The Euclidean dilemma of modernity is broken
through in the apocalyptic vision of God’s in-breaking eschatological Kingdom
as witnessed in the particular life incarnation of Jesus Christ. Is the
incarnation, death and resurrection of Jesus Christ a fact? Yes, but it
is a fact that is both natural and unnatural, human and divine. It is the
vertical and horizontal intersection of God’s purposes with human
history. At this intersection, the two dimensional plane is exploded into
an endless multi-dimensional possibilities. (See figure 2).
“…Paul Minear makes the
point that John’s cosmology in the book of Revelation is not dominated by the
(Euclidean) categories of time and space but rather by heaven and earth, with
primacy accorded to the heavenly realm. Furthermore, there is not merely
a ‘first’ heaven and earth (ta prota, 21:4, which ultimately passes away), but also a
‘new’ heaven and earth, which constitute the decisive frontier of the old – not
in terms of temporal succession (though the new heaven and earth do not pass
away) but as an alternative cosmic order and community in which God dwells and
is worshipped as Sovereign.[4]
How then does this new
understanding of Christianity shape the prophetic role of Cultural Studies
within this new understanding of Christian theology? It is one that is
clearly apophatic, rather than universalizing. Its purpose is to expose
and rid narratives that are universalizing and hegemonic. It is not to
interpret or reify, but to point to intersections where the vertical universal
purposes of God intersect with the horizontal particularities of human
reality. When this happens, the Euclidean planes that separate narratives
merge, not into a modern rational universal, but into a narrative that provides
a telos that breaks any human attempt to claim universal meaning and
purpose. It is a telos that is particularly witnessed from a slave’s
point of view.
“…the slave’s perspective require a discreet
view not just of the dynamics of power and domination in plantation societies
dedicated to the pursuit of commercial profit but of such central categories of
the Enlightenment project as the idea of universality, the fixity of meaning,
the coherence of subject, and, of course, the foundational ethnocentrism in
which these have all tended to be anchored.”[5]
Christian apocalypticism
exposes the lies of modernity and the chaos it has created, as represented in
Turner’s “Slave Ship.” In the midst of the chaos of death and despair,
there is a vertical ray of light that represents God’s eschatological light
that illuminates the evil of modernity, stripping it of its power and revealing
the true telos of all created beings. Far from creating
meaning through material processes that reify particular contracts into archaic
cultural artifacts, Christianity transcends modernity and celebrates where the
horizontal particular meets the vertical universal of God.

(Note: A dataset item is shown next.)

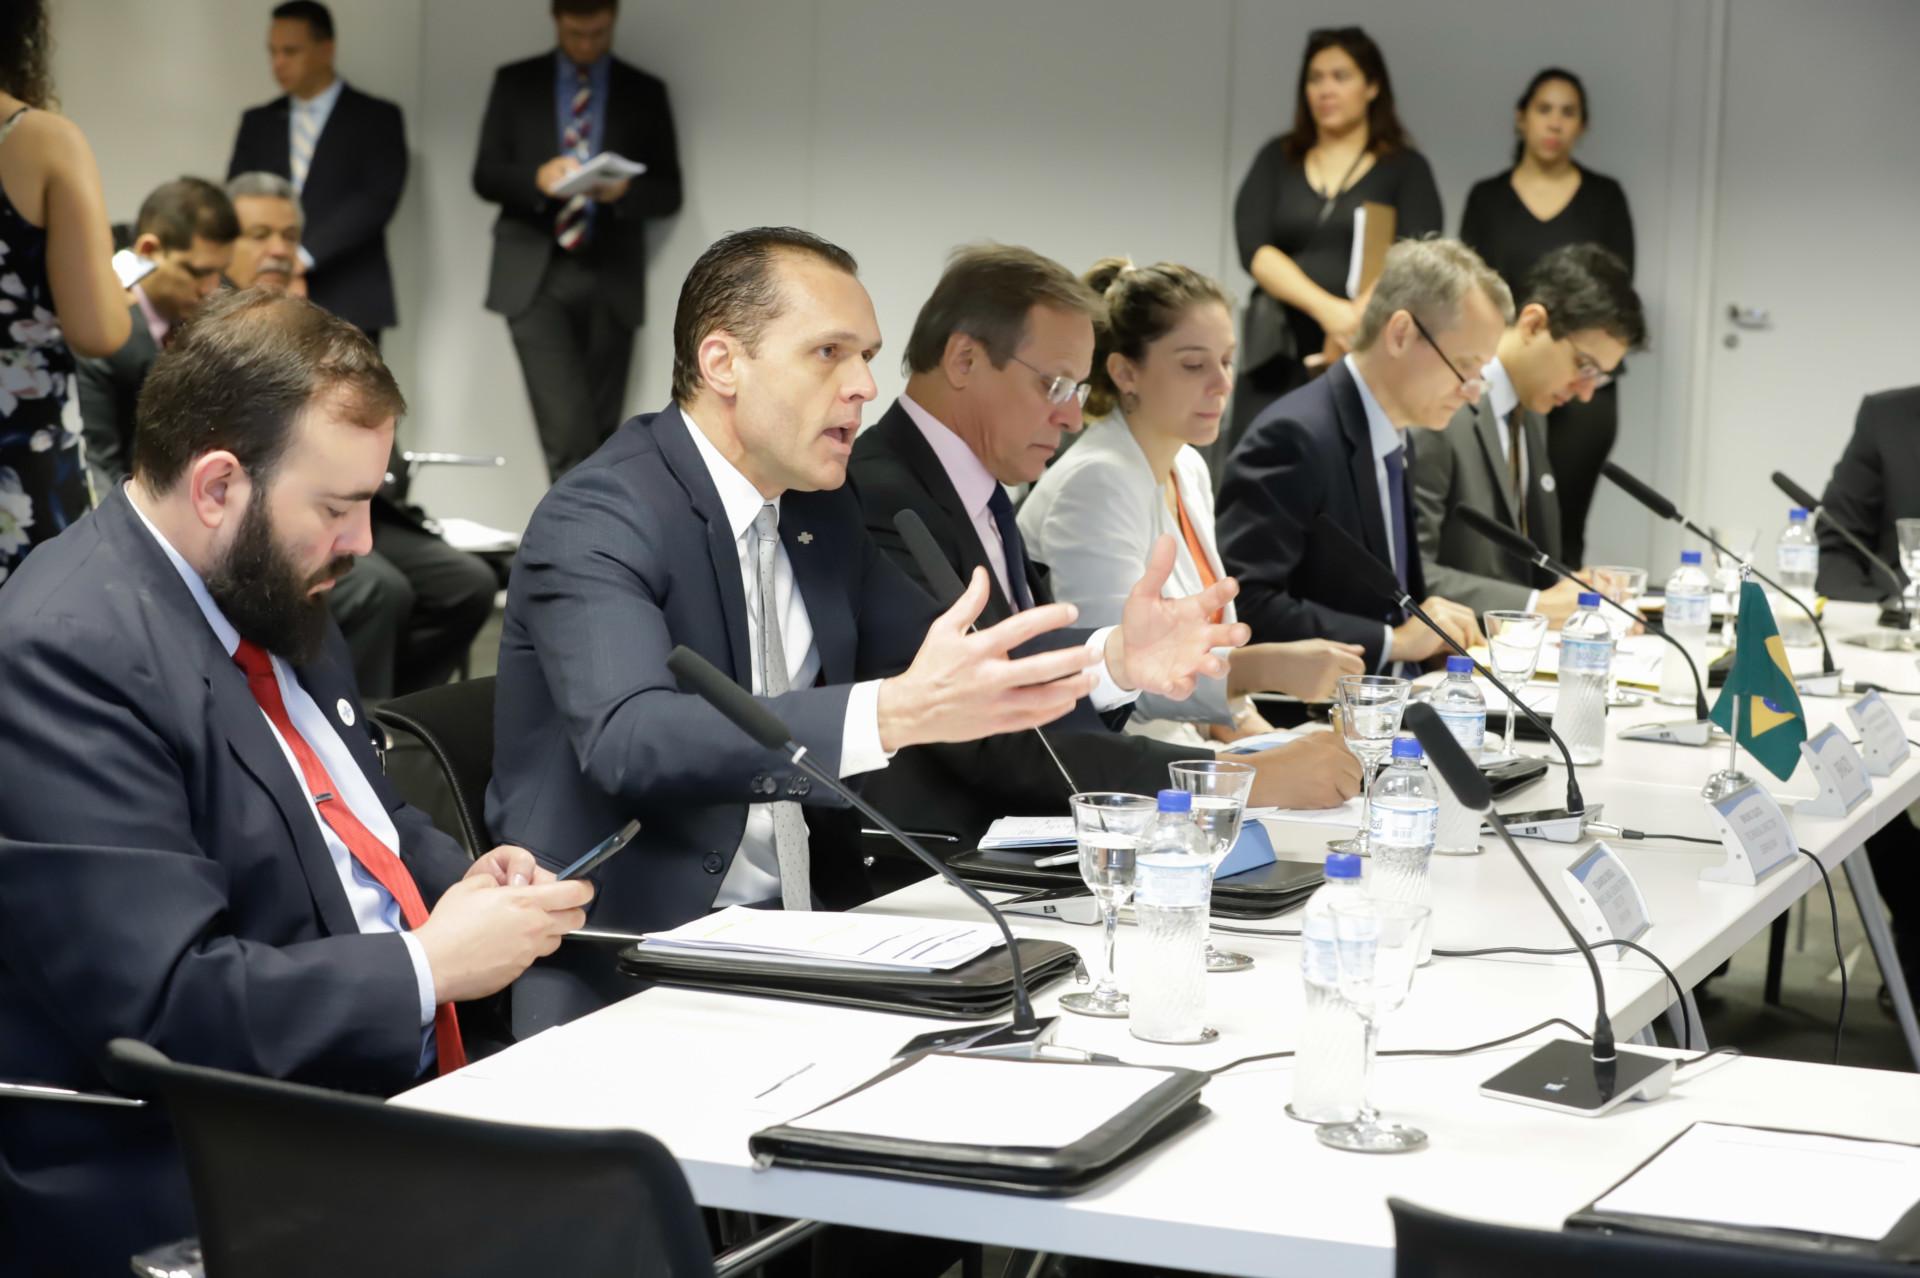 Sebrae Nacional sedia mesa redonda do BRICS sobre MPEs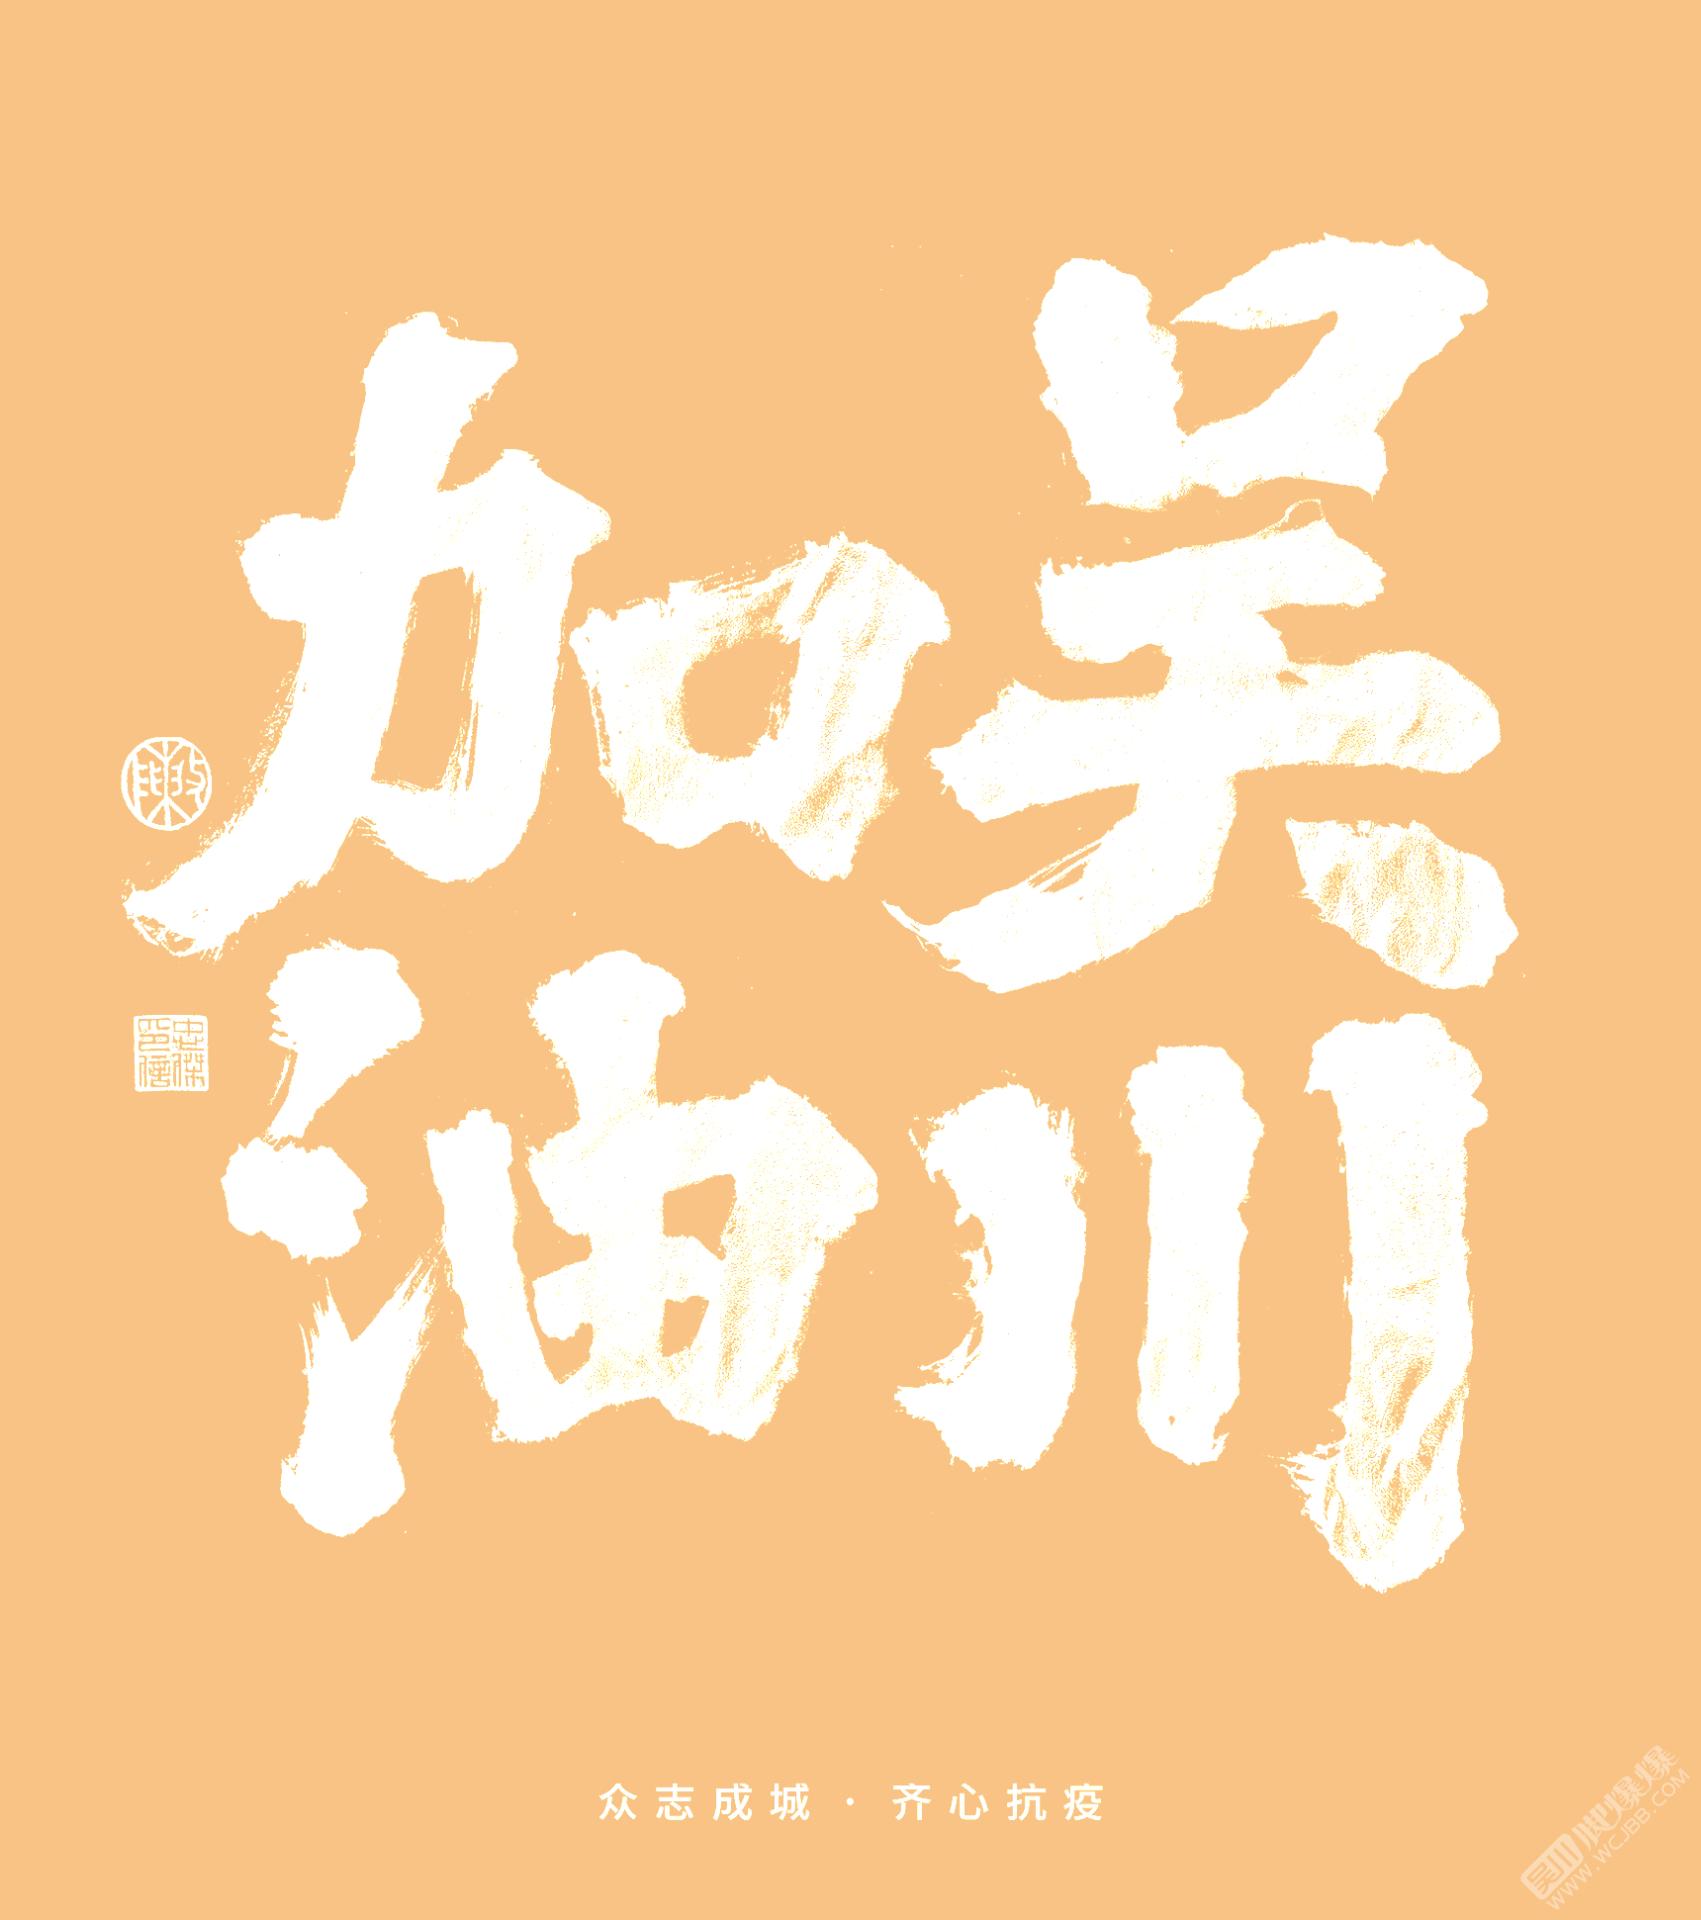 《加油吴川》书法字体设计

In this multidimensionality,
the prophetic purpose of Theological Cultural Studies is to follow
Chakrabarty’s lead and begin to challenge modern assumptions and universalizing
narratives without specifically knowing what the new narrative will look
like. The task is particularly at this moment a prophetic call to
repentance. Modernity has been a force that particularly lined up well
with Christianity. It will take a lot of deconstruction to untangle their
closely-knit narrative ties. Once deconstruction is completed, I cannot
predict whether Theological Cultural Studies will survive, after all it is a
modern construct itself. Perhaps culture, and the individual will remain
distinctive, but with new ways of relating to each other; perhaps they will
disappear. Whatever the future holds, God’s narrative of what it is to
creatively live into God’s eschatological and multidimensional historical
intersection has always been in conflict with earthly narratives; therefore,
God has always been in need of particular prophets to remind creation of its
universal telos.
[4] P. Travis Kroeker and Bruce K. Ward, Remembering
the End: Dostoevsky as Prophet to Modernity (USA: Westview Press,
2001), 100.
[5] Paul Gilroy, The
Black Atlantic (Cambridge, MA: Harvard University Press, 1993), 55.
[3] Dipesh Chakrabarty, “The Time of History
and the Times of Gods” Lisa Lowe, ed. The Politics of Culture in the
Shadow of Capital (Durham: Duke University Press: 1997), 36.
[2] Michael Holquist, Dostoevsky &
the Novel (Evanston, IL: Northwestern University Press, 1977), 111.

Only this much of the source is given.